Strategy 1: Call It Out—Gently but Firmly
The first step is naming it. If someone’s sidelined in a meeting, say, “Hey, I’d love to hear [Name]’s take on this.” It’s not about blame—it’s about resetting the room. Leaders set the tone here: a 2025 Deloitte study found teams with proactive managers were 40% more likely to report feeling included. Train staff to spot microaggressions (like interrupting certain voices more) and encourage real-time feedback. Silence lets othering fester; speaking up starves it.
Strategy 2: Rewire Your Systems
Othering often hides in processes. Who gets mentorship? Whose name comes up for big projects? Audit your workplace—look at promotion rates, meeting invites, and even who’s chatting in the Slack #general channel. One fix: rotate leadership roles on projects to mix up the usual suspects. Another: use blind hiring tools to strip bias from résumés. Companies like Salesforce, which tied exec bonuses to equity goals in 2024, saw a 15% uptick in diverse leadership within a year. Systems shape culture—tweak them to include.
Strategy 3: Build Real Connections
You can’t “other” someone you know. Hybrid work makes this harder, so get creative. Host virtual coffee chats pairing unlikely duos—say, a boomer exec with a Gen Z coder—or kick-off meetings with a quick “What’s one thing you’re proud of this week?” It’s low stakes but high impact: a 2025 Gallup poll found employees with at least one work friend were 25% less likely to feel isolated. Proximity breeds empathy; empathy kills othering.

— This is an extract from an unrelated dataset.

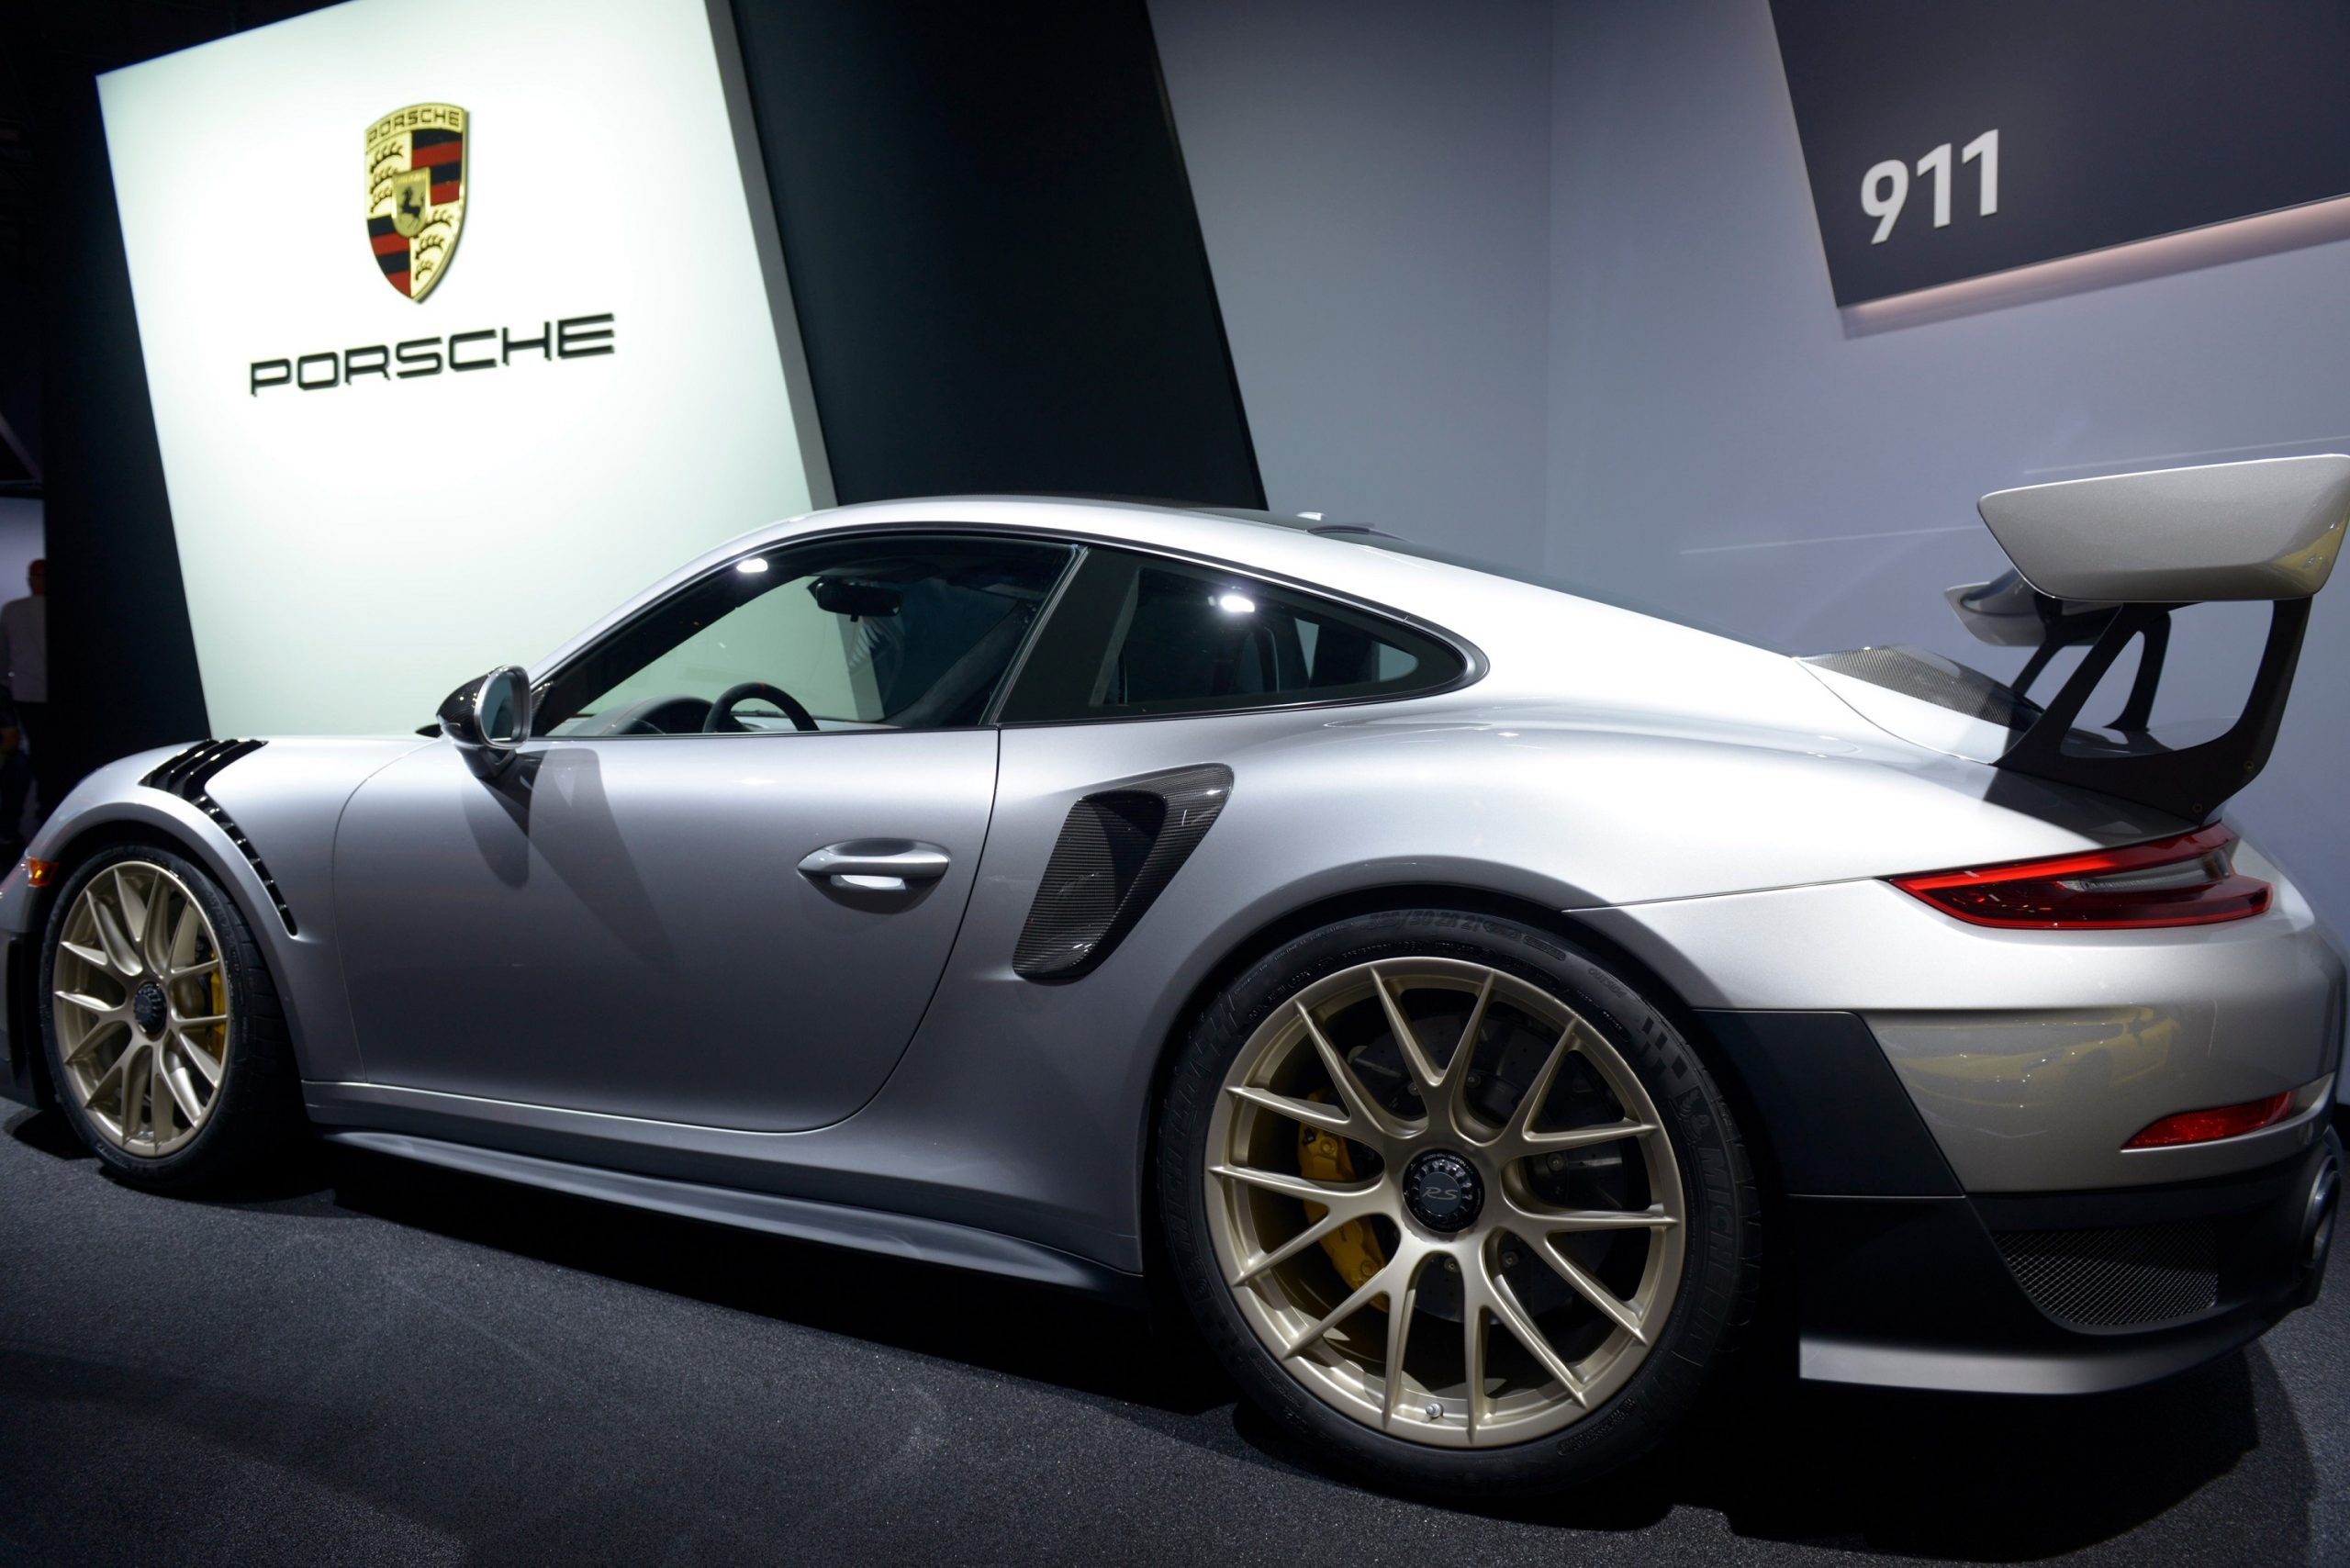 The Porsche 911 GT2 RS with magnesium wheels, one of the most expensive new car options ever, costing $20,000

Strategy 4: Amplify the Quiet Voices
Not everyone’s a natural self-promoter—introverts, minorities, or new hires might hold back. Don’t mistake silence for disinterest. Create space: ask, “Anyone we haven’t heard from?” or follow up one-on-one after meetings. Tech helps too—anonymous polls during brainstorming let ideas shine without social pressure. When everyone’s voice counts, the “outsider” label starts to fade.
Strategy 5: Model It From the Top
Inclusion trickles down. If leaders cling to cliques or dodge tough talks about bias, don’t expect the team to do better. In 2025, C-suites are under a microscope—68% of workers in a LinkedIn survey said they’d jump ship if execs didn’t walk the DEI talk. Share your own slip-ups (like misjudging a colleague’s skill) and how you course-corrected. Vulnerability signals it’s safe to grow, and growth dismantles othering.
The Payoff
This isn’t just feel-good stuff. Inclusive teams outperform: McKinsey’s latest data shows companies in the top quartile for diversity are 39% more likely to beat profit benchmarks. Customers notice too—Gen Z and millennials, now half the workforce, favor brands that live their values. Rooting out othering isn’t a quick fix; it’s a muscle you build. But the reward? A workplace where talent sticks around, ideas flourish, and “us” includes everyone.
Start Today
Next meeting, scan the room—virtual or not. Who’s quiet? Who’s overlooked? Make one move: amplify a voice, question a pattern, or connect with someone new. Othering thrives in the dark; shine a light on it, and inclusion takes its place. You’ve got the tools—use them.